Cook couscous according to directions on the package. After it’s finished cooking, rinse under running water to remove the extra starch on the surface. You’ll warm it back up later so don’t worry about the temperature of the water. Set aside.

Cut the zucchini in half crosswise then into quarters lengthwise.  Stand each piece on end and slice off the seeds at the tip of the triangle (you’ll get a trapezoid shape – can you tell I used to teach math?).

Meanwhile, heat oil in a large sauté pan. Add carrots & cook for about 5 minutes, stirring infrequently (you want them to blister a little but not fall apart). Add onion, zucchini & bell pepper.

Cook for 5-10 minutes more, depending on how you like your vegetables (we like them more on the crunchy, al dente side). Meanwhile, cut your basil into a chiffonade (long thin strips).

Add the couscous to the vegetables & stir until thoroughly heated. If it looks dry add up to 2 more tablespoons of olive oil. Turn off heat, add basil & serve. You can turn this into a salad by adding 1-2 tablespoons of red wine vinegar.

What are you cooking differently due to all the thunder & lightening storms we’ve been having? Let me know if you cook my recipes and what you think.

Summery Risotto

This is my very first blog post about the food & recipes that I enjoy and want to share with you.

Last night hubby and I had one of our “at home date nights”. Since we both enjoy cooking, we’ll feed the boys early and send them down to the basement and then spend a relaxing evening cooking, drinking wine and then eating.

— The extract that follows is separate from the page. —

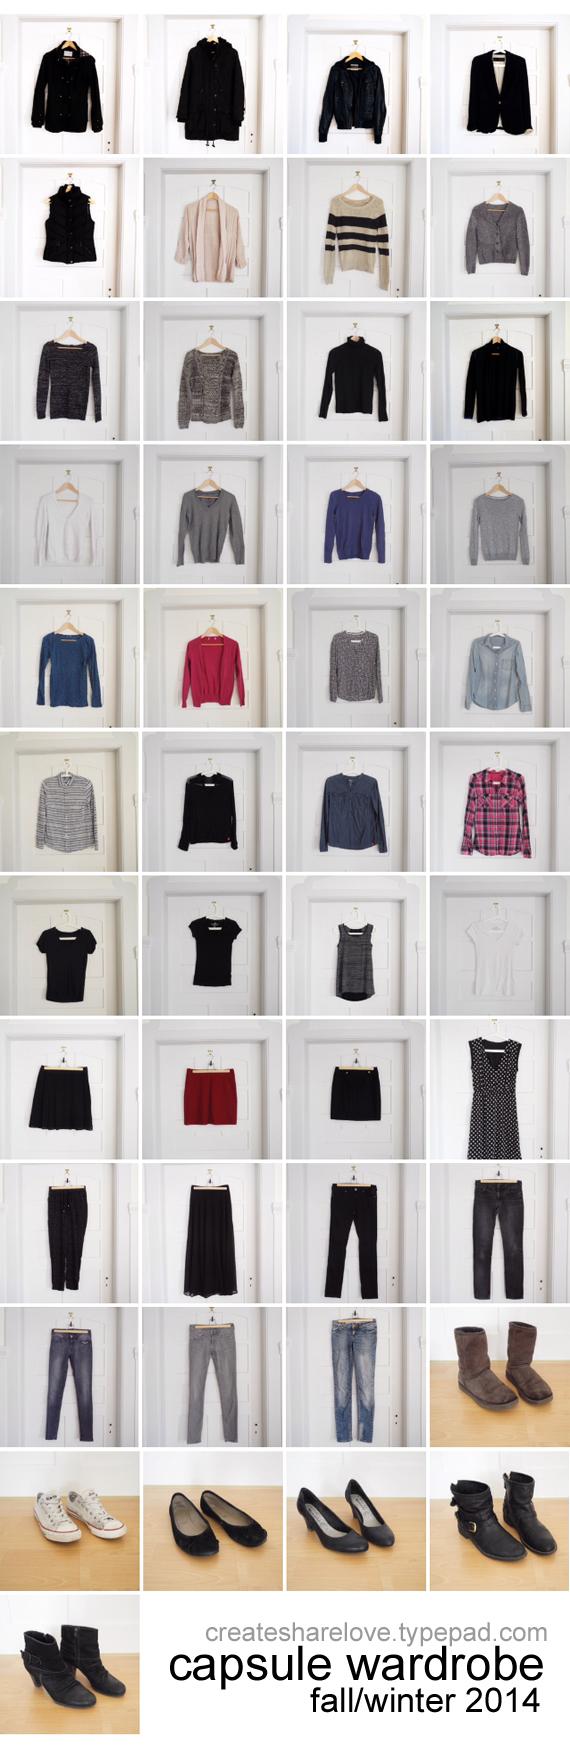 Create Share Love | Capsule Wardrobe Fall-Winter 2014

That was our plan for last night but hubby got back late from mountain biking so I did the prep work and some of the cooking before he got home. I’ve been saying for some time that the “next” time we do a cooking date night I want to cook risotto. However, when I think risotto, I think cold-weather comfort food. So, I went looking for a summery risotto and found one at Fine Cooking. It’s Risotto with Corn, Tomatoes & Basil and the recipe can be found here. Of course I modified it.

Summery Risotto Dinner

Summery Risotto Dinner

You’d pay a pretty penny for that dish anywhere. And, it really wasn’t that hard.

Cut the kernels off two small ears of corn. Place in a glass bowl & microwave about 1 to 1 1/2 minutes or until just barely warm. (note: this where I deviated from the recipe) Mince one shallot and saute in oil over medium heat until translucent. Warm broth in a separate pan.

Add Arborio rice to shallots and sauté until most of the grains have turned an opaque, milky white.

Add white wine and barely simmer until the wine is absorbed, stirring occasionally. Check the time when you add the wine.

Add one ladleful of broth and cook until absorbed, stirring occasionally. Continue adding single ladlefuls of broth and simmering until absorbed until about 15 minutes have passed since you added the white wine.

Add the corn and continue adding broth as before.

Meanwhile, dice up a large tomato and combine with a little extra virgin olive oil and salt & pepper. Tear up a handful of basil leaves and add to the tomatoes.

Continue adding broth until it’s all been added to the rice. Turn off the heat and mix in tomato mixture and a bunch of grated Parmesan (freshly grated is way better).

We served it with some shrimp that hubby cooked on the grill. The meal was amazing and now I have the perfect summery risotto.